Mark Hamilton Announces Retirement Plans

University of Alaska President Mark Hamilton announced June 5 that he'll retire from his position leading the 16-campus system.

A specific departure date isn't set yet, but Hamilton made his intentions known so the Board of Regents, the system's governing body, can begin the selection process for a new president.

"Quite simply, I want to spend more time with my family, my lovely wife Patty, who has had to share me with either the U.S. Army or the university system for over 40 years. I want to have time to enjoy our four children and their families, including my ninth grandchild due this fall," said Hamilton. "And I want to spend more time in this Alaska that I love so much. Maybe I'll get in some extra fishing time or an extended moose hunt."

Hamilton made the announcement at the close of a two-day board meeting in Fairbanks. Board chair Cynthia Henry said finding a replacement for the articulate and outspoken advocate for the UA system will be challenging.
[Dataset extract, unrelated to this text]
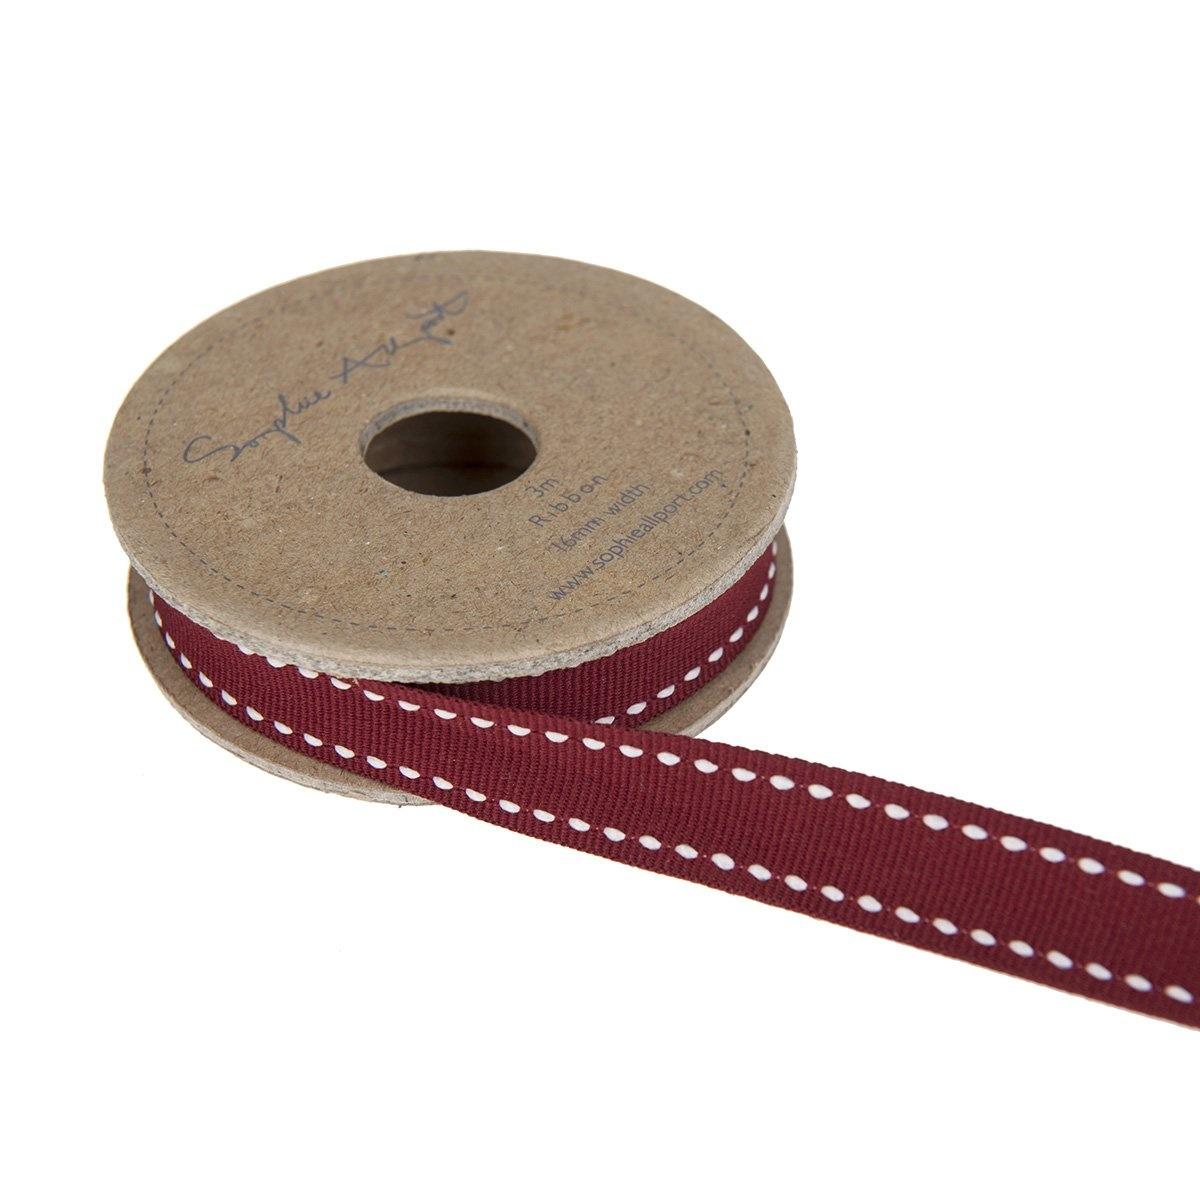 Sophie Allport Ribbon on Spool Red w/ White Stitch

"What a magnificent run this has been, with President Hamilton leading this university for these past 11 years," Henry said. "He was hired at a time of rather low morale due to crumbling facilities and chronic underfunding. He was able to communicate with the public, elected officials and numerous other constituencies just how important the University of Alaska is for a strong state economy, especially the need to 'grow our own' for good jobs and careers right here in Alaska."

Henry said it's too early to know exactly how the search process will play out, but that she intends to keep the public, staff, faculty, students and other key stakeholders informed along the way.

Regents next plan to meet July 10 in Anchorage, but they'll quickly adjourn into executive session, which is allowable under state law to discuss personnel matters. Such matters would include initial discussions about finding a replacement for Hamilton, how the process will work, possible timelines, the need for an interim president (or not), qualities and characteristics desirable in a new president, and other considerations.

It may take board members several meetings to fully flesh out the direction in which they want to go. All formal action and decisions by the board will take place in open public meetings. The Statewide Voice will do its best to keep employees informed as the situation moves along.

UA employees, both at the system and individual campus levels, can be assured President  Hamilton is fully in charge while the search process goes forward. 

Hamilton, 64, has been at the helm of the system since August 1998. He's already discounted rumors that he wants to run for governor, saying that if he wanted to keep working, he'd stay in the best job in Alaska---running the University of Alaska system.

In making his comments at the June board meeting, Hamilton said the respect he has for faculty and staff  "is greater than they will ever know." He said he won't be involved in selecting a successor, but he offered board members this thought: "You don't need a super star. The last 11 years have shown that an average person who loves Alaska, who admires the faculty, who trusts the magnificent staff and who listens carefully to the directives and the guidance of the Board of Regents can be the steward of this wonderful institution."

He added that there will be "lots of time for farewells."

Maybe so, but many of us here at Statewide want to take this opportunity to say a hearty "thank you" to President Hamilton for all of his hard work, advocacy and support. You will be sincerely missed!